◆ **DATA**:
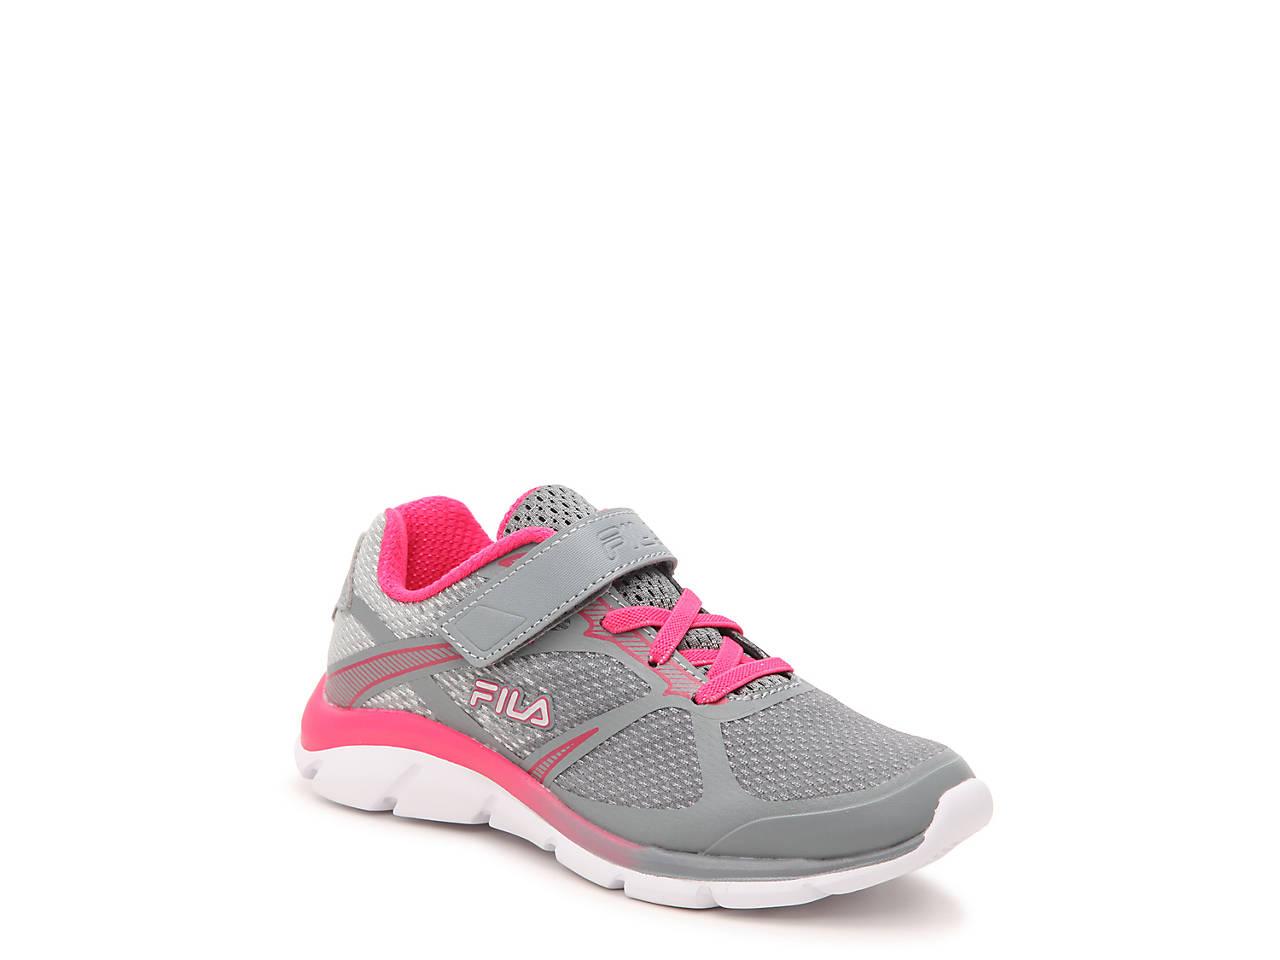 Fila Primeforce 3 Sneaker Kids' Kids Shoes DSW  DSW
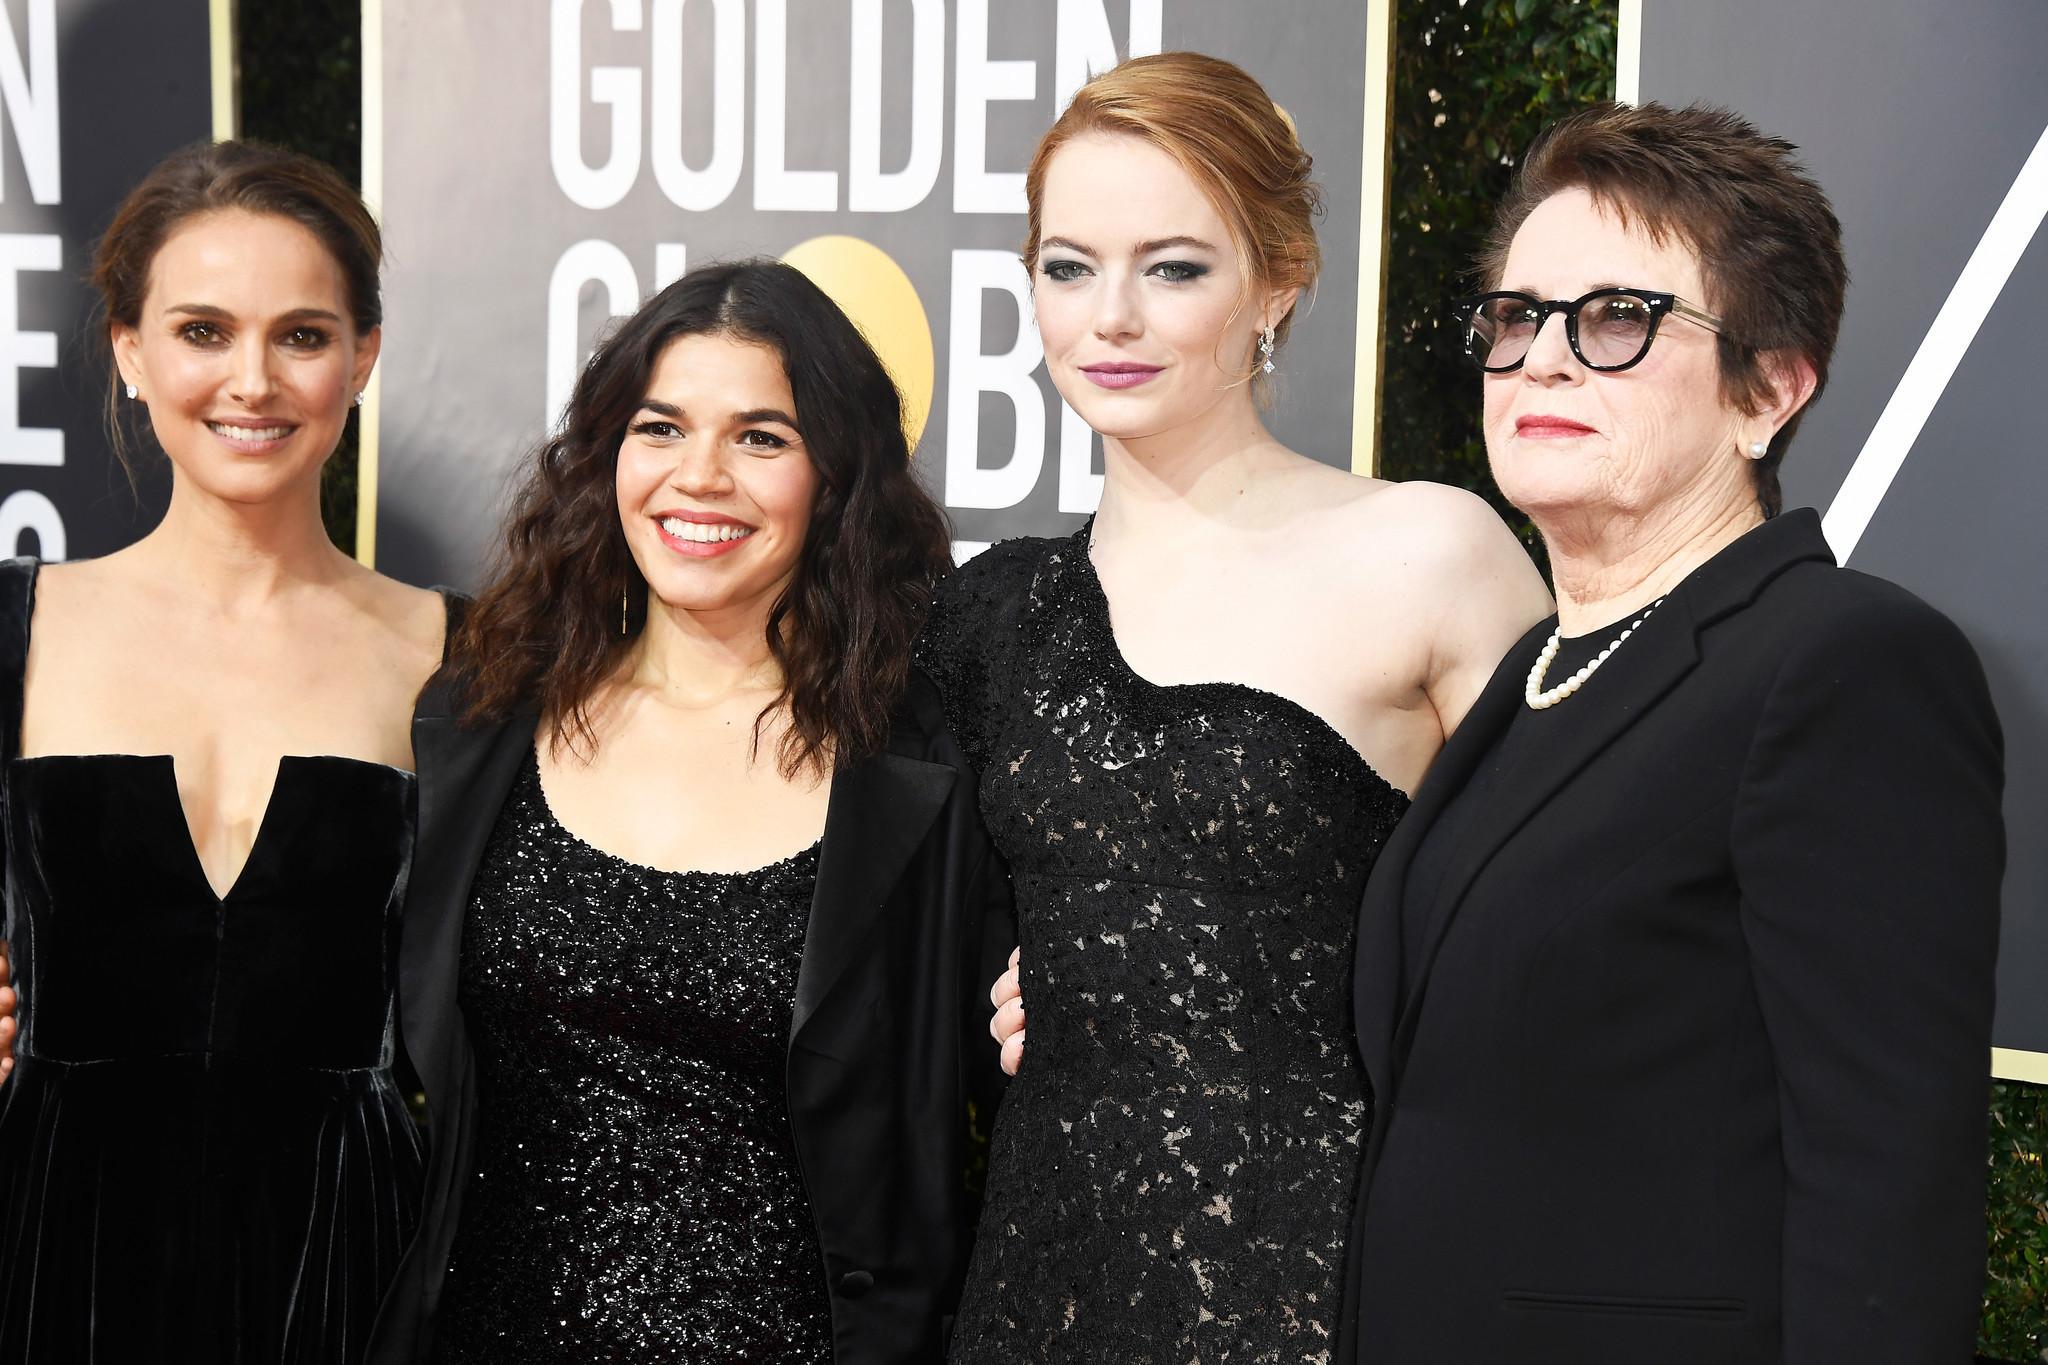 la-et-golden-globes-2018-red-carpet-fashion-arrivals-photos-pg
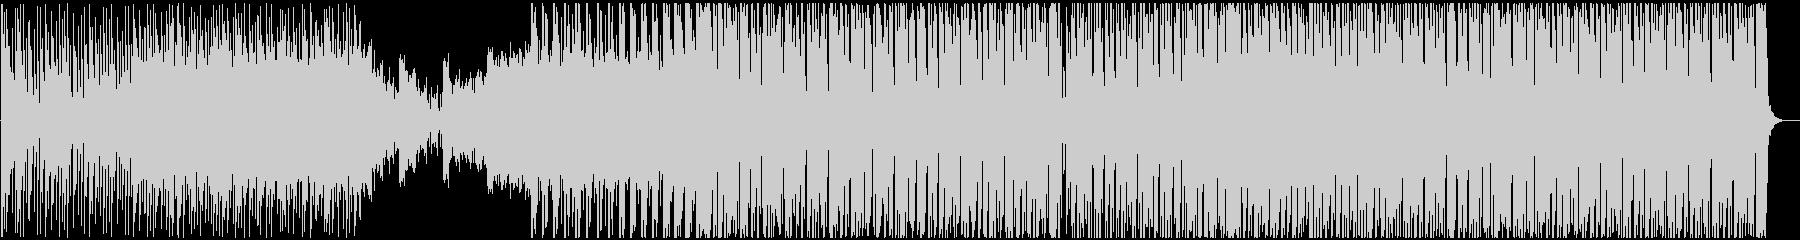 壮大で綺麗めなドラムンベースBGMの未再生の波形
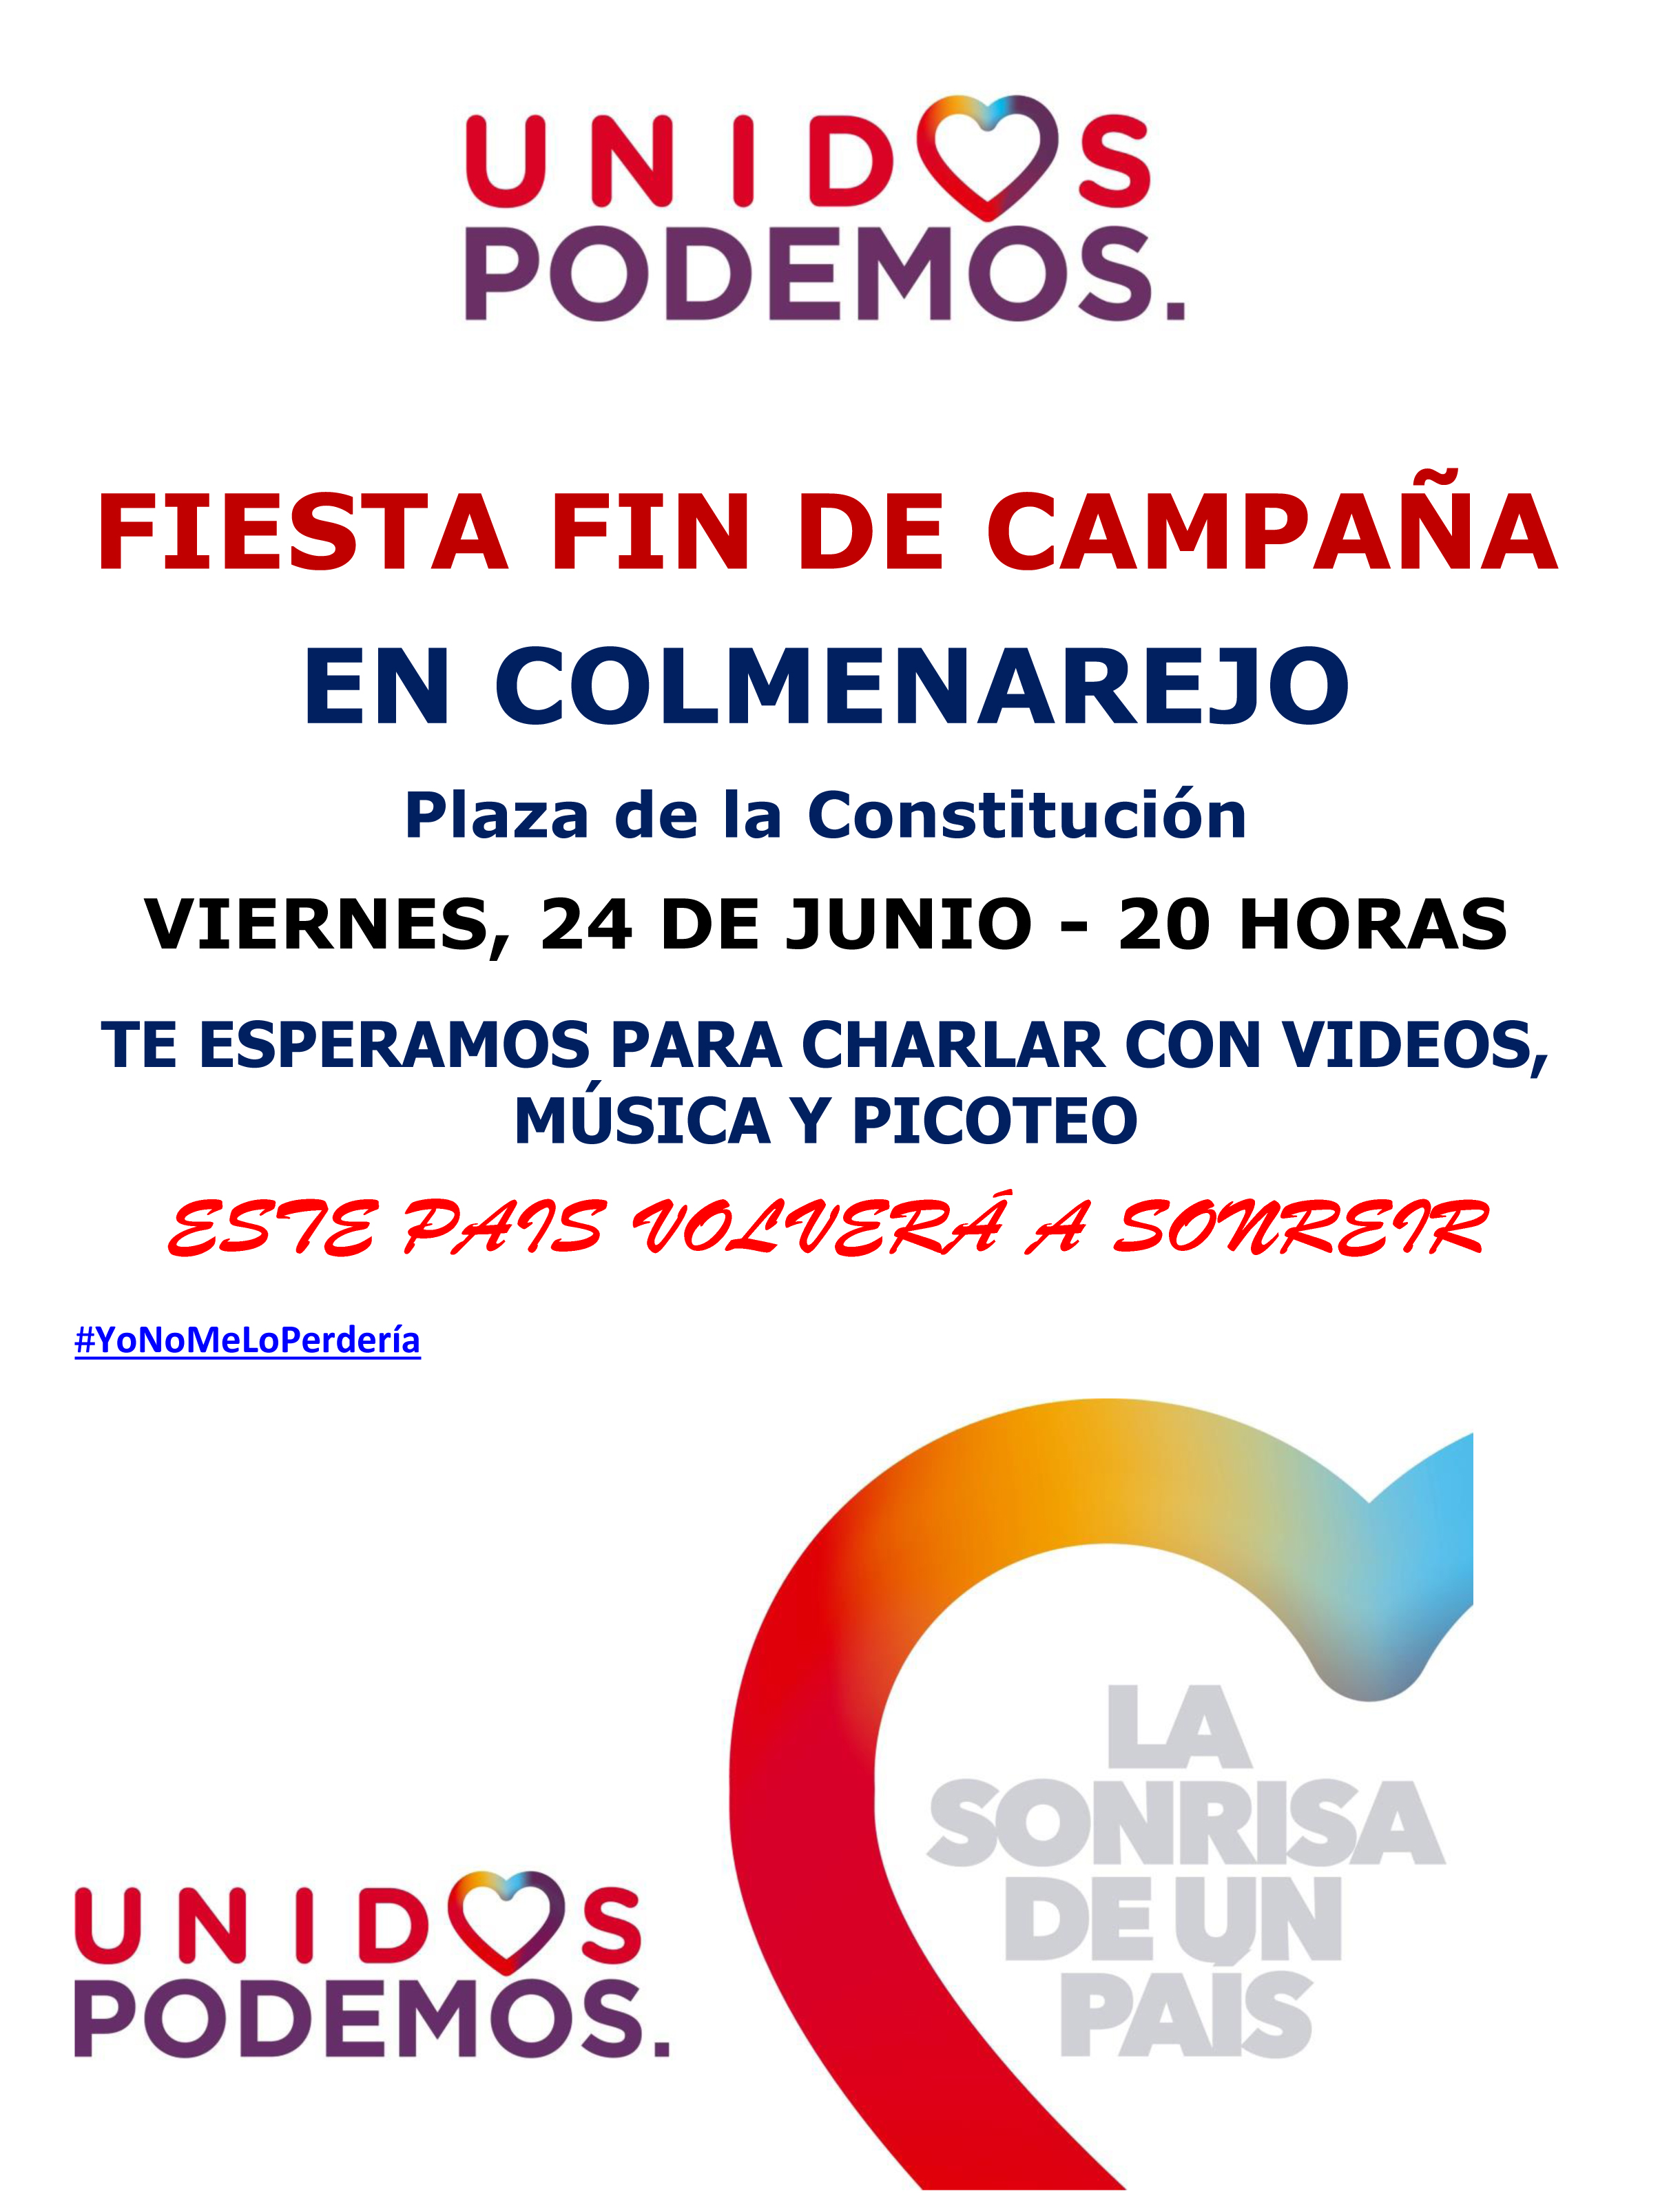 FIESTA FIN DE CAMPAÑA UP COLMENAREJO 24-06-2016 20 HORAS

◆ **YOUR INSTRUCTIONS**: What is needed is an exact copy of the lines from the line with "la-et-golden-globes-2018-red-carpet-fashion-arrivals-photos-pg" to the end of the data above, both included, without any pictures.

◆ **ANSWER SPACE**:
 la-et-golden-globes-2018-red-carpet-fashion-arrivals-photos-pg
 壮大で綺麗めなドラムンベースBGMの未再生の波形
 FIESTA FIN DE CAMPAÑA UP COLMENAREJO 24-06-2016 20 HORAS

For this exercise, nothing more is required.